● **What you are asked to do**: Restate all the lines below word for word, but omit the pictures.
-- Data follows --
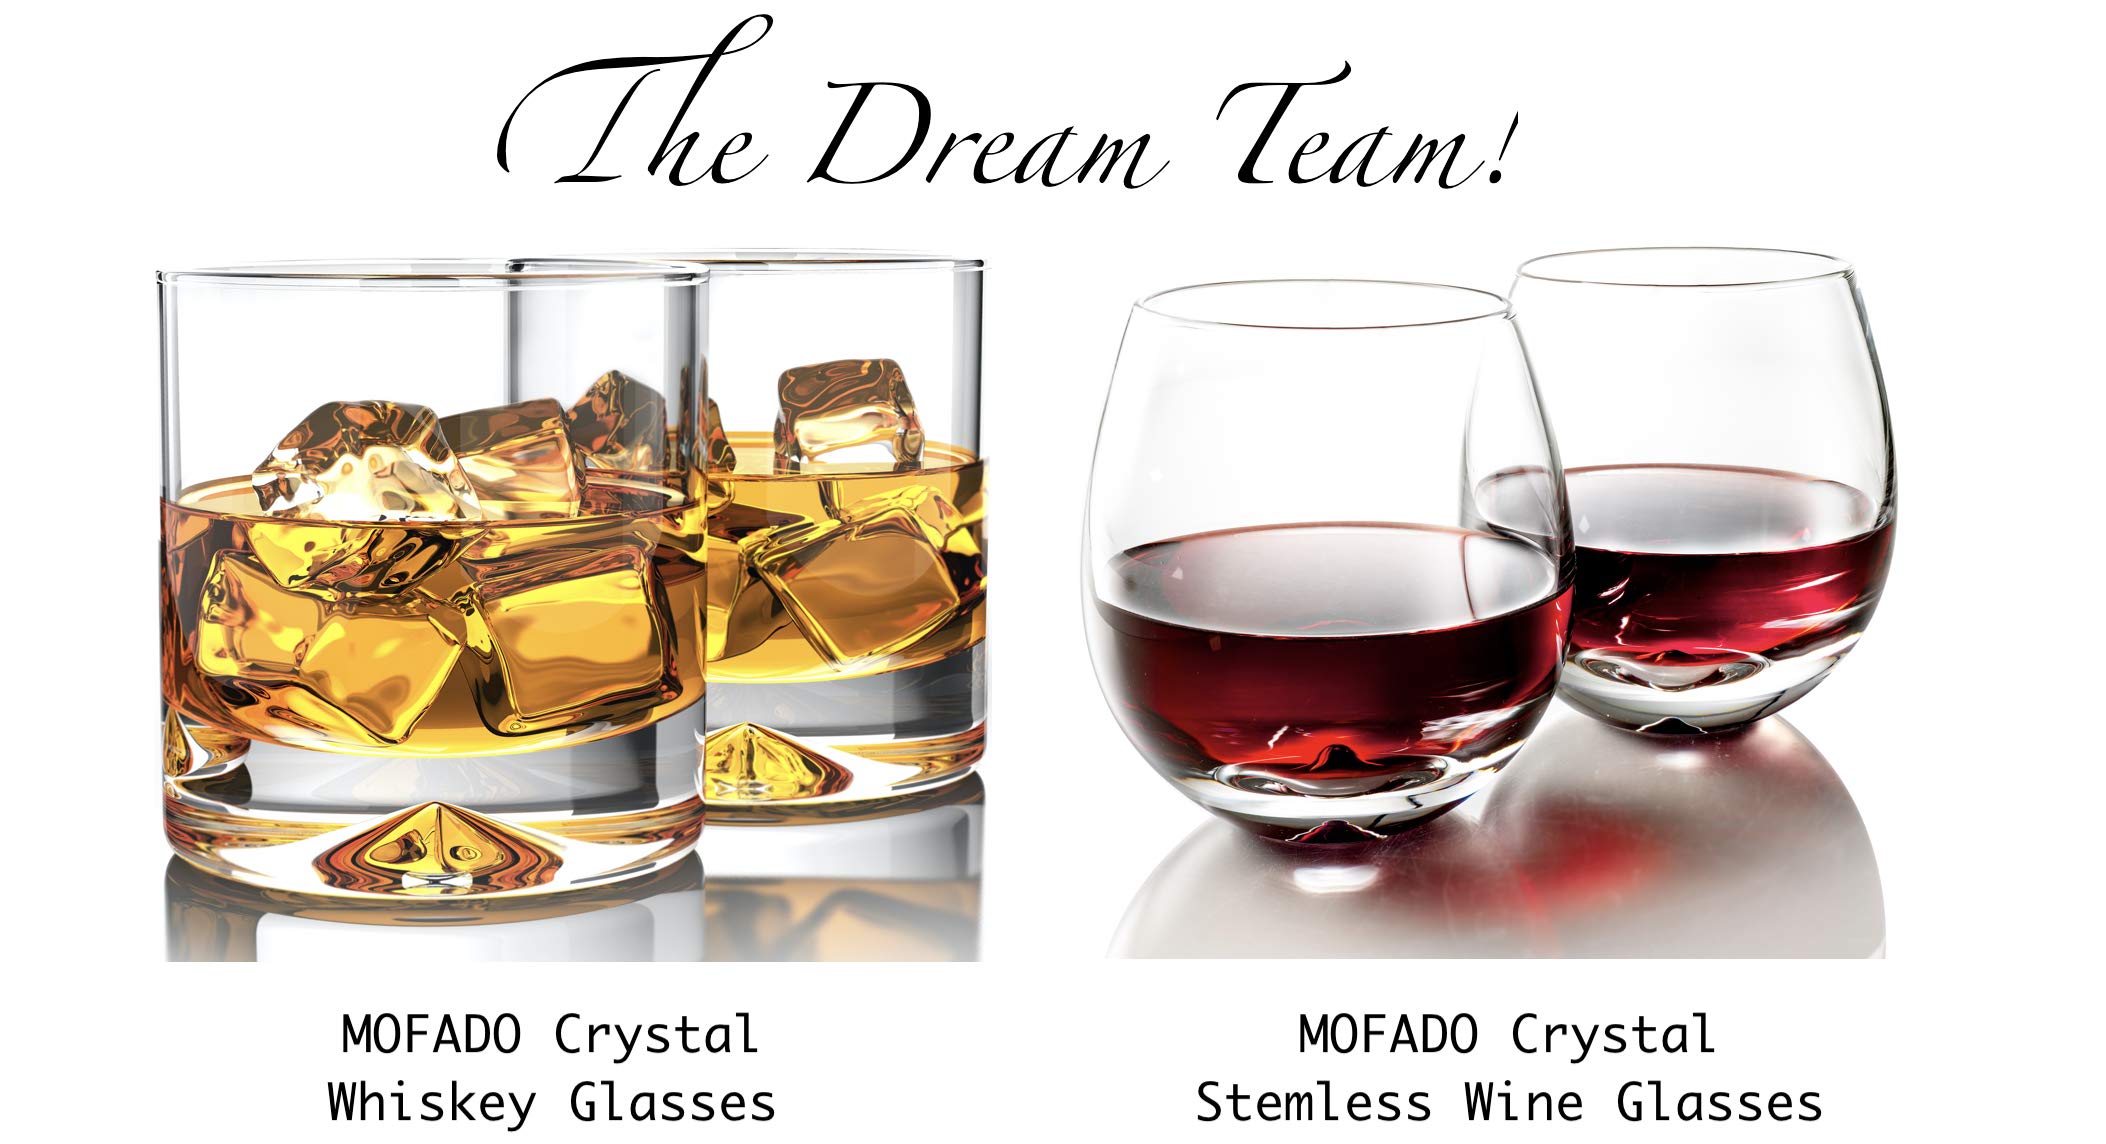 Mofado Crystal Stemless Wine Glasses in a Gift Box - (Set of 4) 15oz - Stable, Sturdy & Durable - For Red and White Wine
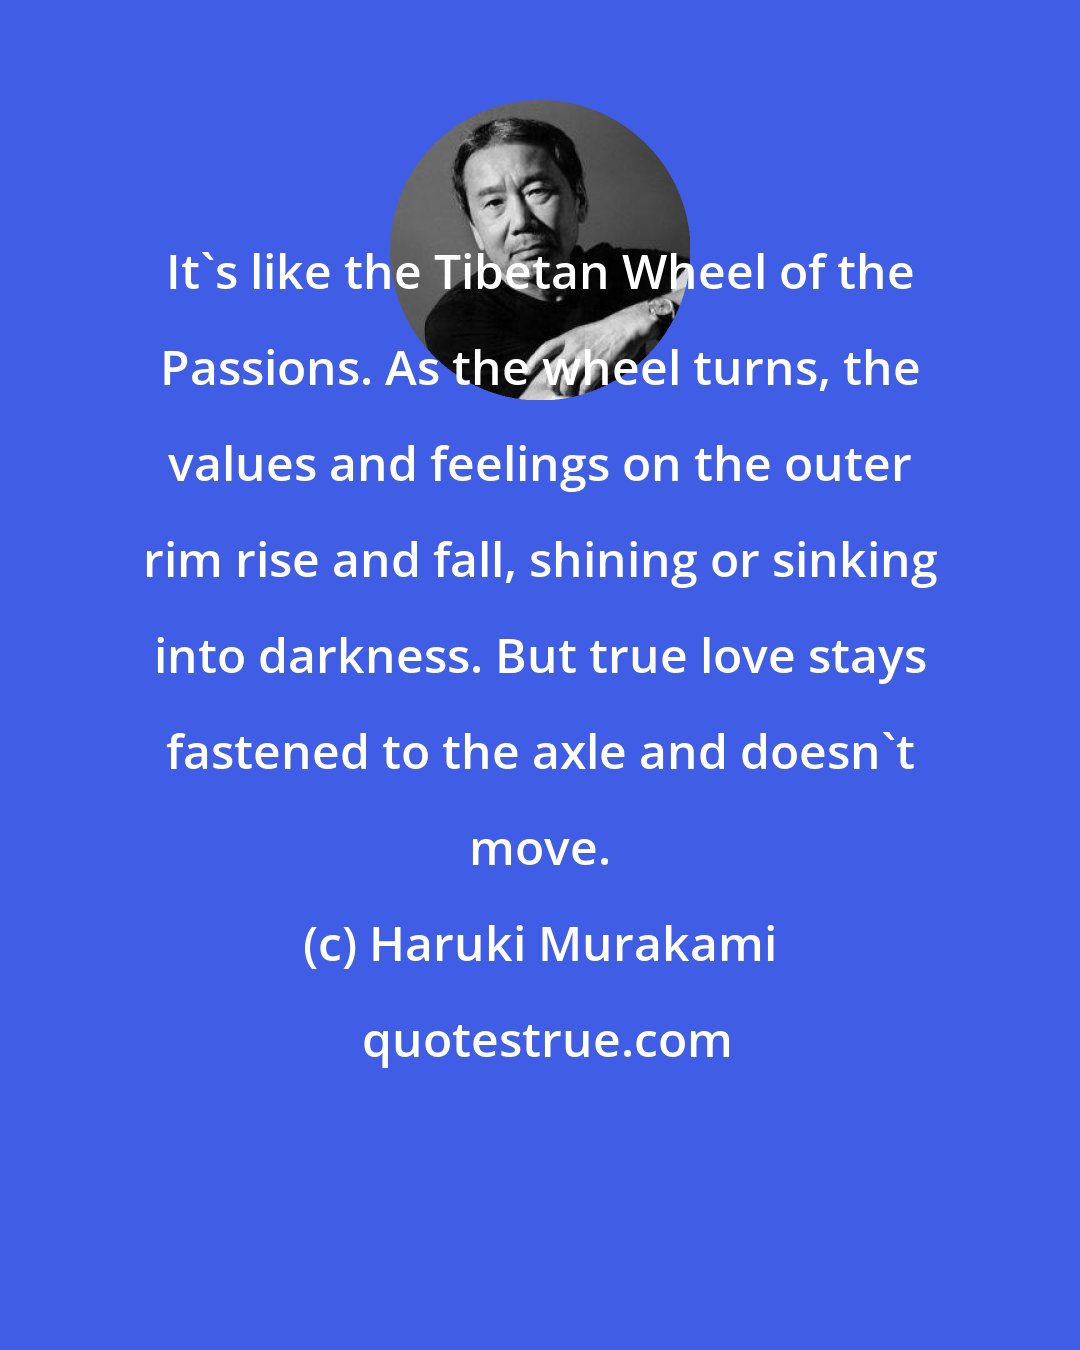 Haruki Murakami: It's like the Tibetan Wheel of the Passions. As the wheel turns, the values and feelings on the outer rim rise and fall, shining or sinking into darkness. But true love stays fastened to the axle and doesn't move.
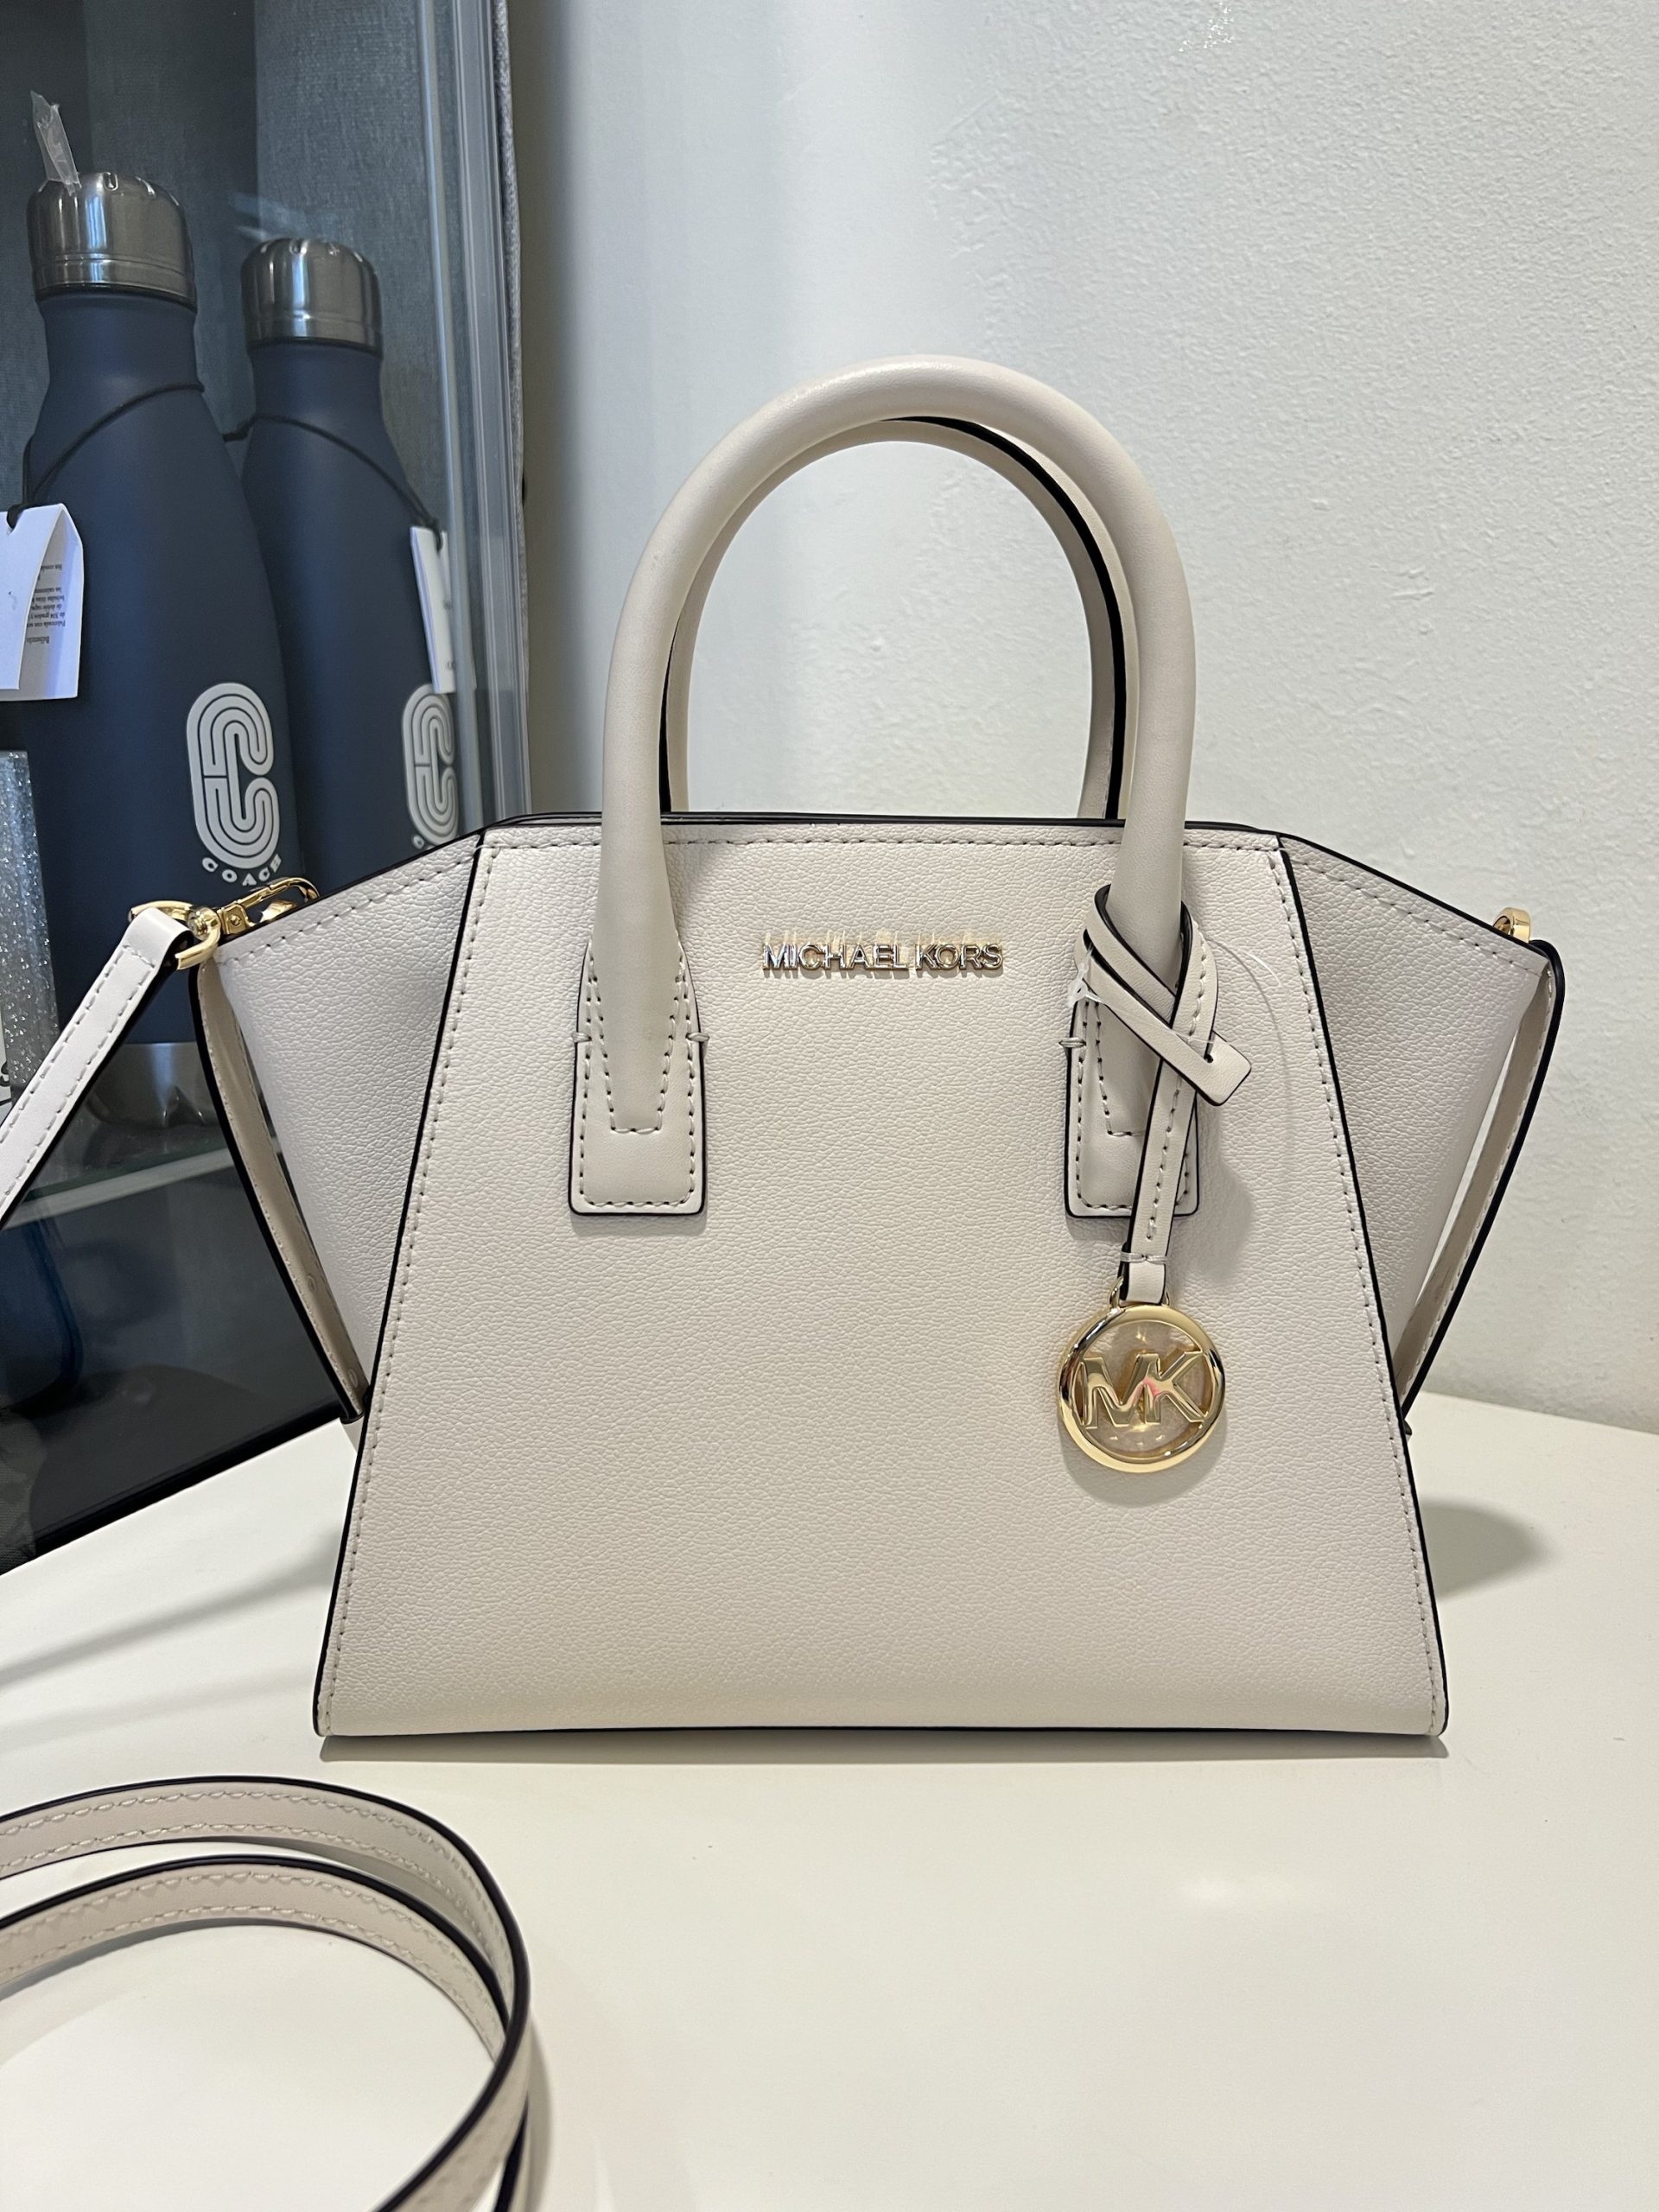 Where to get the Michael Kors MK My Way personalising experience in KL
-- Data concluded --
● **Response to this exercise**:
 Mofado Crystal Stemless Wine Glasses in a Gift Box - (Set of 4) 15oz - Stable, Sturdy & Durable - For Red and White Wine
 Haruki Murakami: It's like the Tibetan Wheel of the Passions. As the wheel turns, the values and feelings on the outer rim rise and fall, shining or sinking into darkness. But true love stays fastened to the axle and doesn't move.
 Where to get the Michael Kors MK My Way personalising experience in KL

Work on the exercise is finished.